Anderson does a great job of assembling an all-star cast of accomplished actors to portray the aforementioned friends and family.  Bill Murray and Francis McDormand play the worrywart parents of Suzy (Hayward),  McDormand is also having a secret affair on the side with the town police chief in a brilliant understated performance by Bruce Willis who ends up befriending Sam (Gilman).  Edward Norton makes a quality debut in the Anderson universe by playing the by-the-book Scout Master Ward.  Anderson's love of the scouting word comes across in this film as he treats the tradition and procedure of the scouts with respect and reverence.  There are several key scenes that showcase the order and life-building skills that a scouting experience can provide for a young boy.

While the story itself is nothing groundbreaking and actually not that interesting at times, the supporting musical score provided by Alexander Desplat and Devo co-founder Mark Mothersbaugh is perfect for the events unfolding on the screen.  A combination of folksy, whimsical songs mixed with a few bombastic classical orchestral compositions helps make the film seem more important and monumental than it really is.  This is the type of soundtrack I feel that I could listen to and fondly look back on the events of the movie.  Desplat and Mothersbaugh do an excellent job in scoring Moonrise Kingdom and end up turning in the best performance of the entire film.

Without a doubt this is the most intricately staged film that Anderson has attempted.  The attention to detail in each and every scene is very impressive.  Both Hayward and Gilman are excellent in their debut roles and are buoyed by an outstanding experienced cast.
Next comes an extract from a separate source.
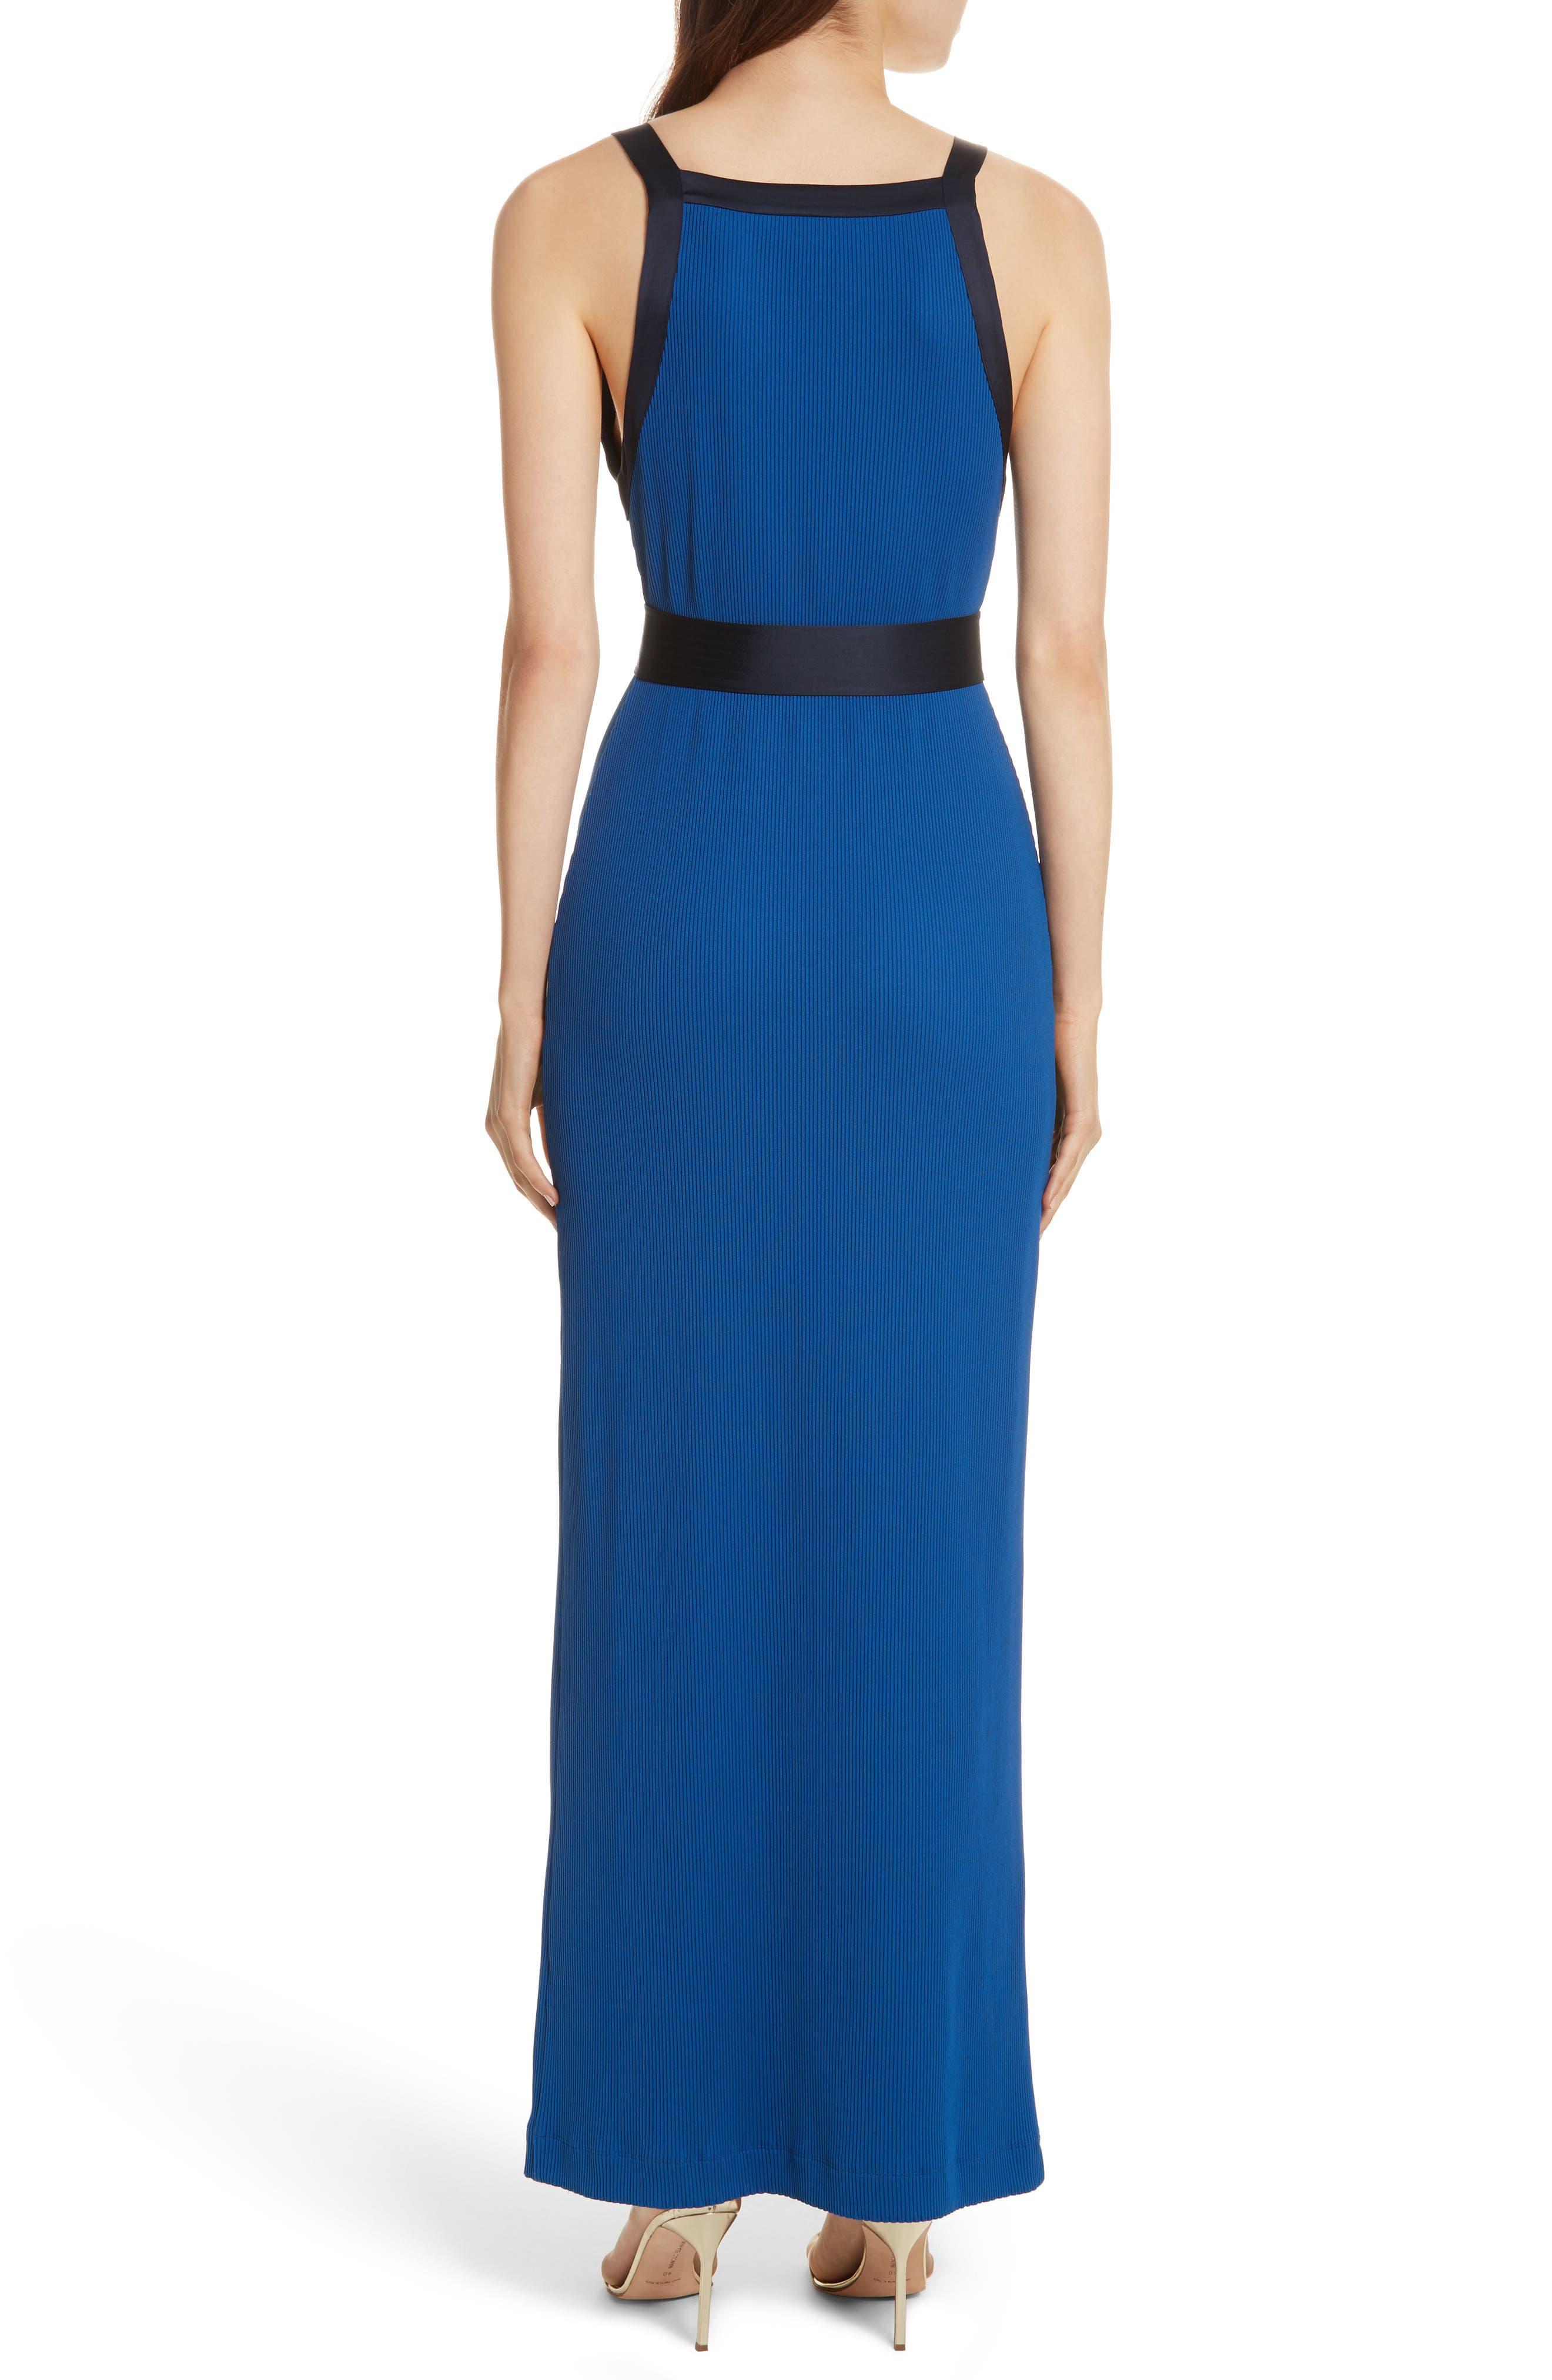 Diane von Furstenberg Ribbed Jersey Maxi Dress,                             Alternate thumbnail 2, color,                             412
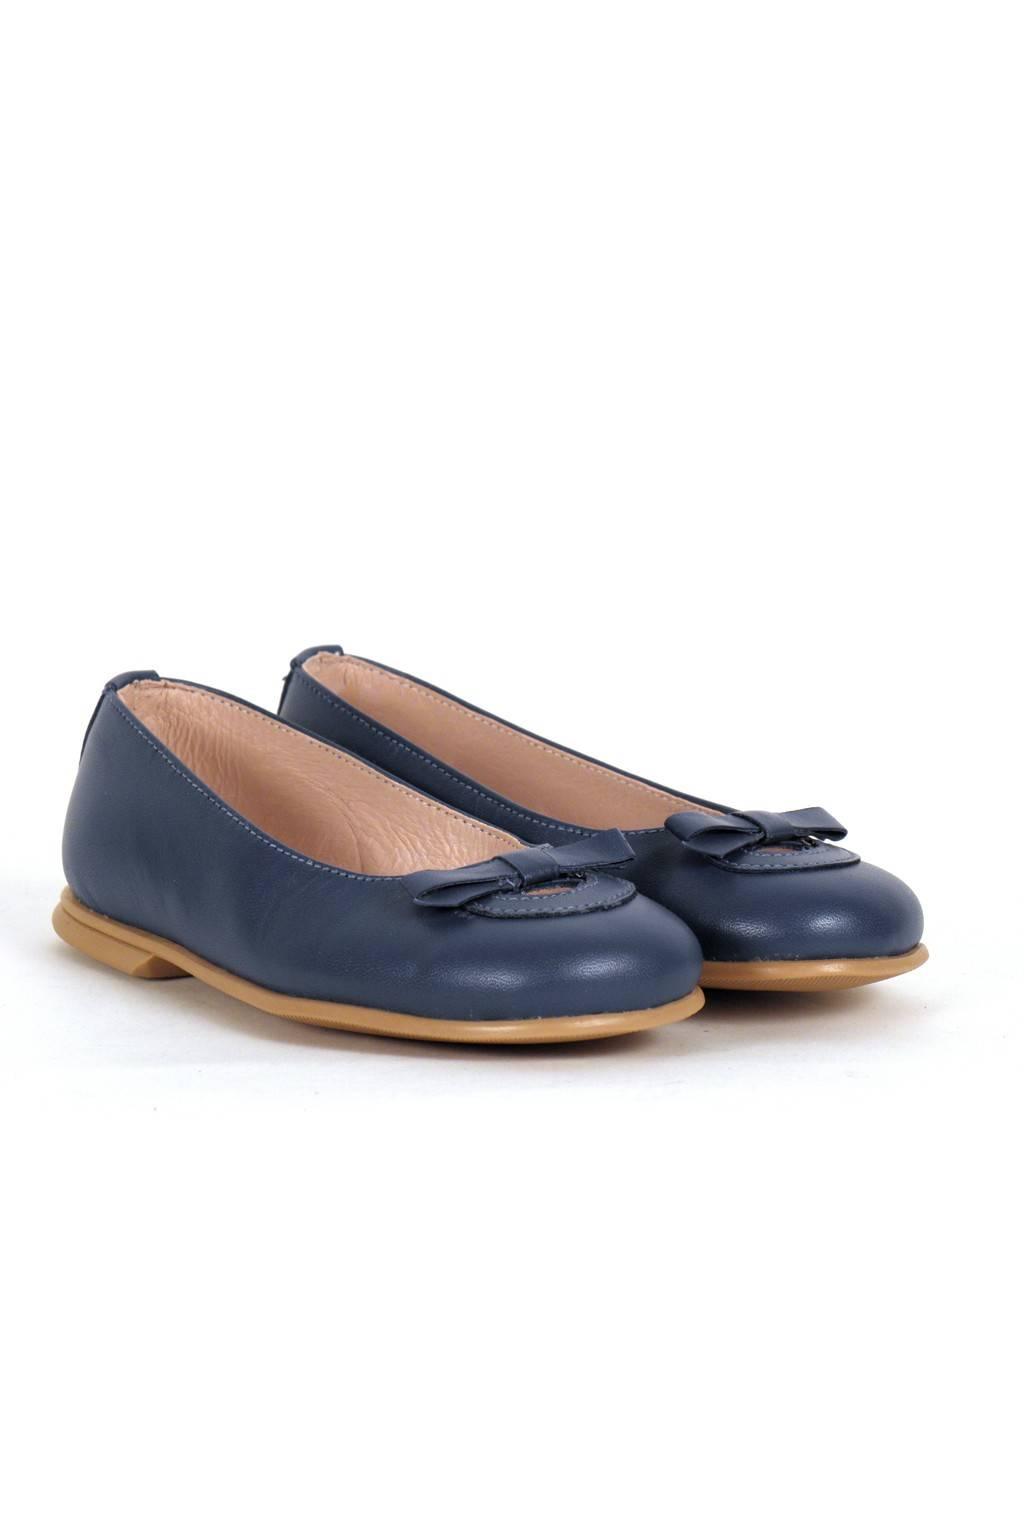 Zapato piel infantil

This is not a perfect film nor is it the most entertaining Anderson movie to-date, but Moonrise Kingdom is an above average slice of entertainment that can probably be viewed on video rather than in the theater.  Considering the film is not showing in many local theaters right now, DVD/Bluray in a couple of months is probably your best bet.  A solid 3.5 out of 5 JRs for an accomplished and typical Wes Anderson movie.  I wish that Anderson would take a step out of his comfort zone and try something a little different and less quirky in his next directorial effort.